We have no experience of an immediate, direct, or, if we may so say, original entering of the devil into the series of causes that are visibly at work around us. There are only three cases in which the Scripture refers to such a direct agency; the temptation of our first parents,15 the temptation of our Saviour, and the last conflict of the kingdom of God with the realm of darkness (Rev. 12:9–17. 20:1–3, 7–10). The second and third of these as is well known, are of doubtful interpretation, whether we take them literally, symbolically, or as parables. The first case, although in its details not without some obscurity, has left behind it moral and physical effects which are a matter of daily experience. These effects do not consist in powers or beings in their very nature evil and corrupt, which the devil has produced as by a creative act; but in the corruption of rational beings whom God created good and for good, and who were therefore free, and hence had the possibility of sinning; and in consequence of their fall, since the ethical and the physical are necessarily connected, there is also a partial corruption of the powers of nature. After this corruption had once forced itself into the world, it must pursue in its propagation and development, in coming to a crisis and in being expelled from the system, a regular course, in accordance with the natural and moral laws by which the world is governed. Yet we refer it back as a whole and in the details of its manifestation, to the agency of Satan; not only because his first and direct action is propagated in it, but also because the devil incontestably continues to look upon it as his work, and sees in it the bond or snare by which we are held captive to his will (2 Tim. 2:26), and which would have made us the subjects of his kingdom had not a stronger hand broken them. Whether these bonds in some cases, as, for example, where evil absorbs the whole man which many think to have been the case with Judas, might not draw the captive into an immediate proximity with Satan as is expressed by the definition of spiritual possession which De Wette16 gives (propinquior substantiae diaboli ad animam impii adessentia et efficax ad quae vis flagitia propellens ἐνέργεια), is a question which we dare not decide. The conception is so horrible, that we cannot accede to it without more decisive declarations than the Scripture contains; and it would not change any of the principles which we have above developed.

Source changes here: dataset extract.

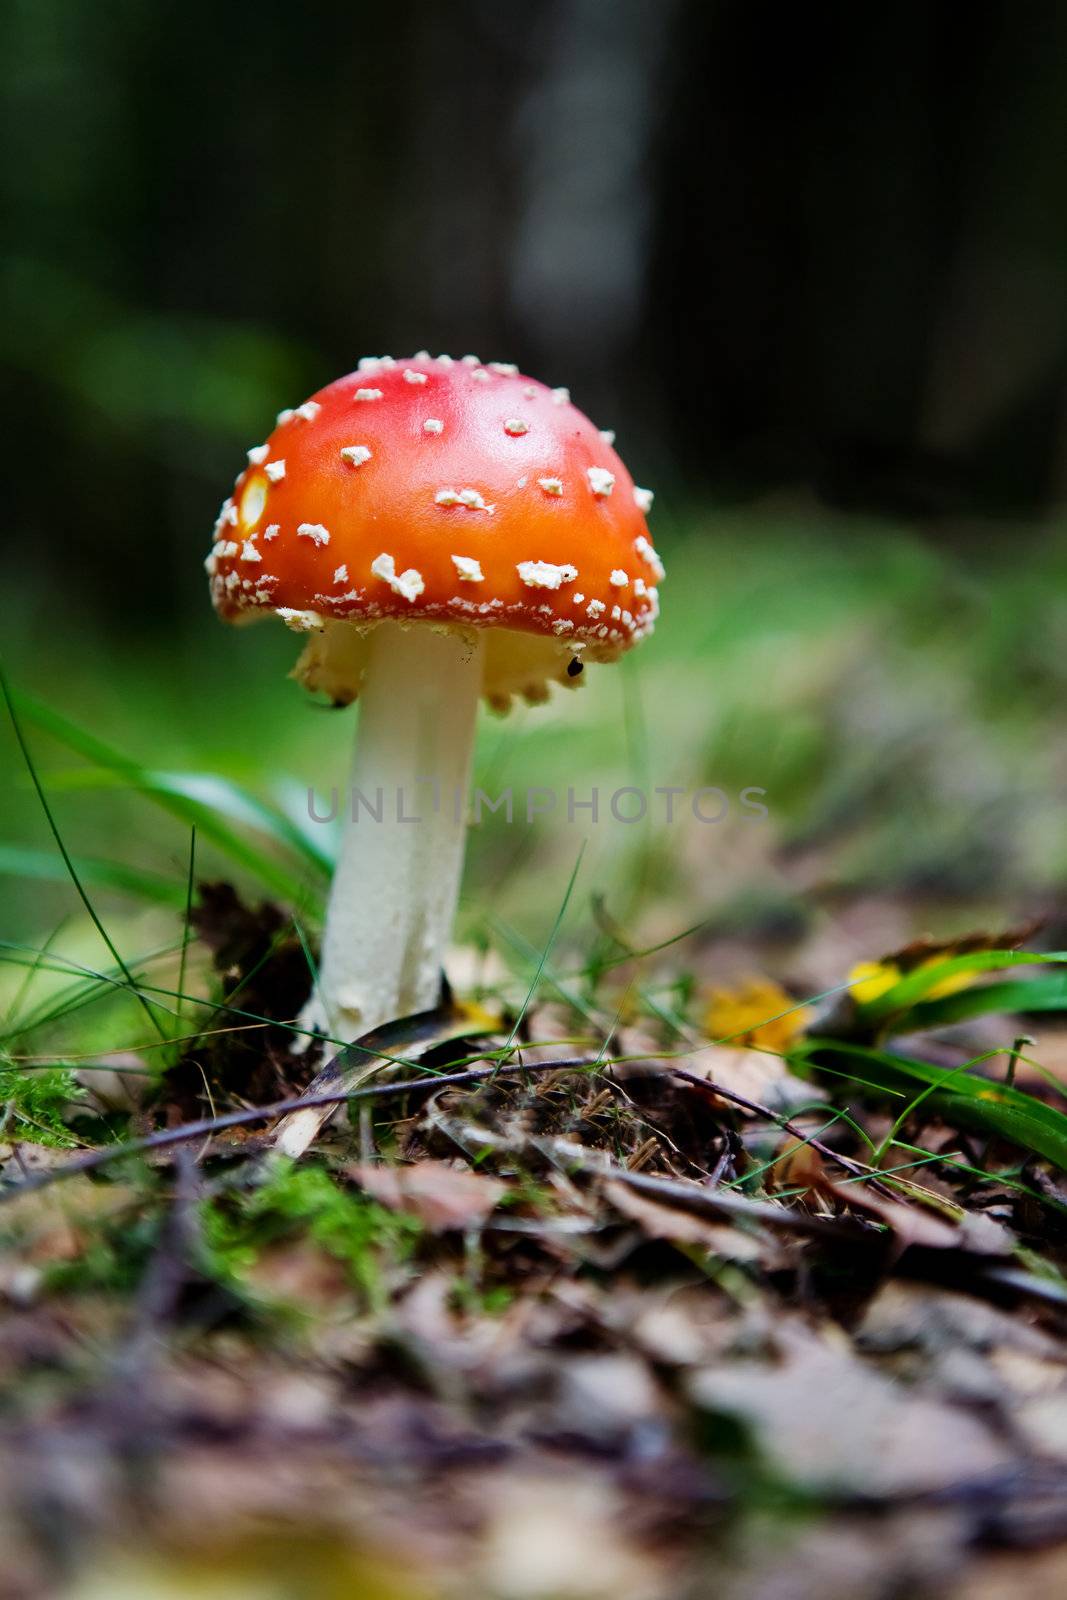 A magic mushroom in the forest - fly Amanita
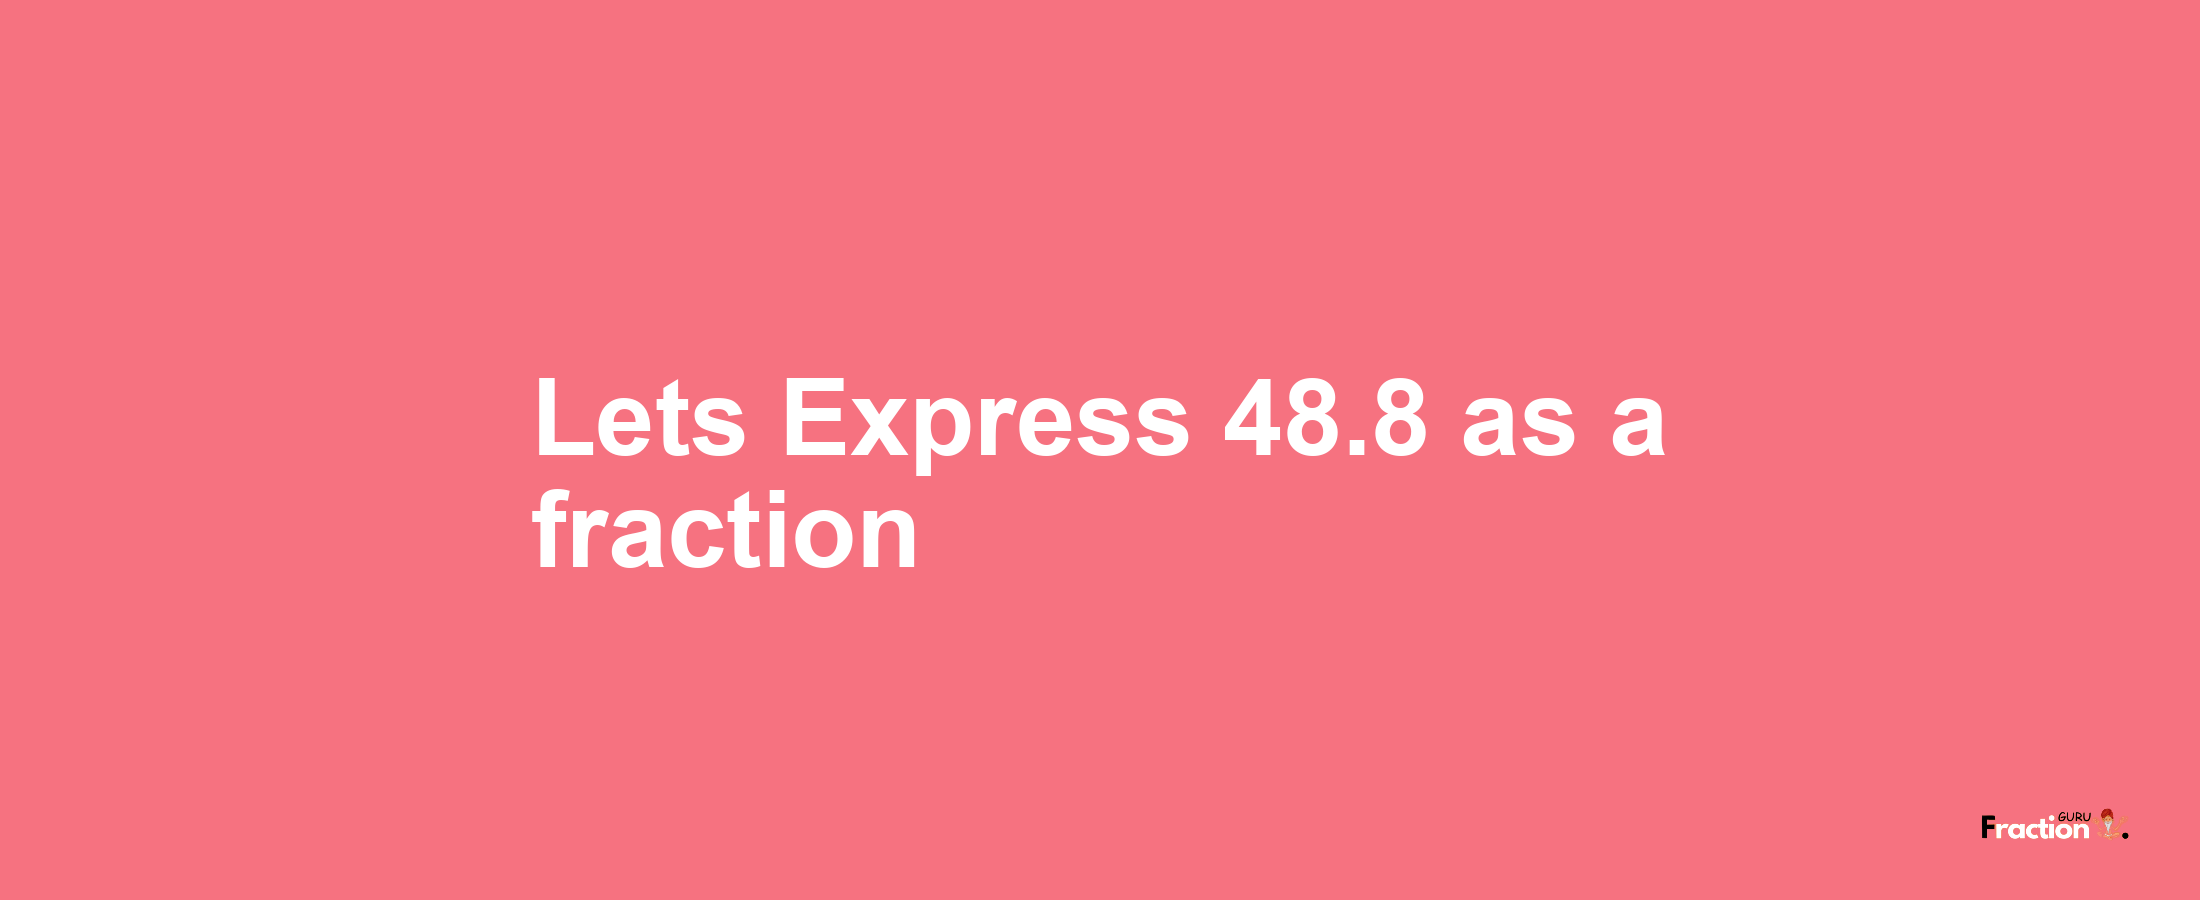 Lets Express 48.8 as afraction

The definition of bodily possessions which the same author gives is one with which we can still less agree—ipsius satanae non tantum κατ᾿ ἔνέργειαν sed et οὐσίαν in corpore humano inhabitatio. The demons (δαιμόνια) that dwell in the possessed are not Satan himself; and as to the position, that the former really, in their very substance, dwell in the human body, even if we were inclined to give a literal interpretation to the passages of Scripture that refer to it, yet the mode in which we are to conceive of such a possession would ever remain very problematical in consequence of the difficulty in defining the relations of spiritual beings to space; of showing how their not being restricted by space (illocalitas), is consistent with attributing to them an existence in some particular place, (some ποῦ).17

In the investigation of these topics we shall be satisfied if we have in any degree succeeded in reconciling the assurance of Scripture, that evil spirits are at work in bringing about the ruin and corruption of man, with our convictions of the permanency and regularity of the laws of nature, both physical and moral, and with our duty so to present the doctrine that it shall not run the hazard of superstitious perversion. Other questions, which might arise, can only be fully considered in connection with the doctrine of the fail and depravity of the human race.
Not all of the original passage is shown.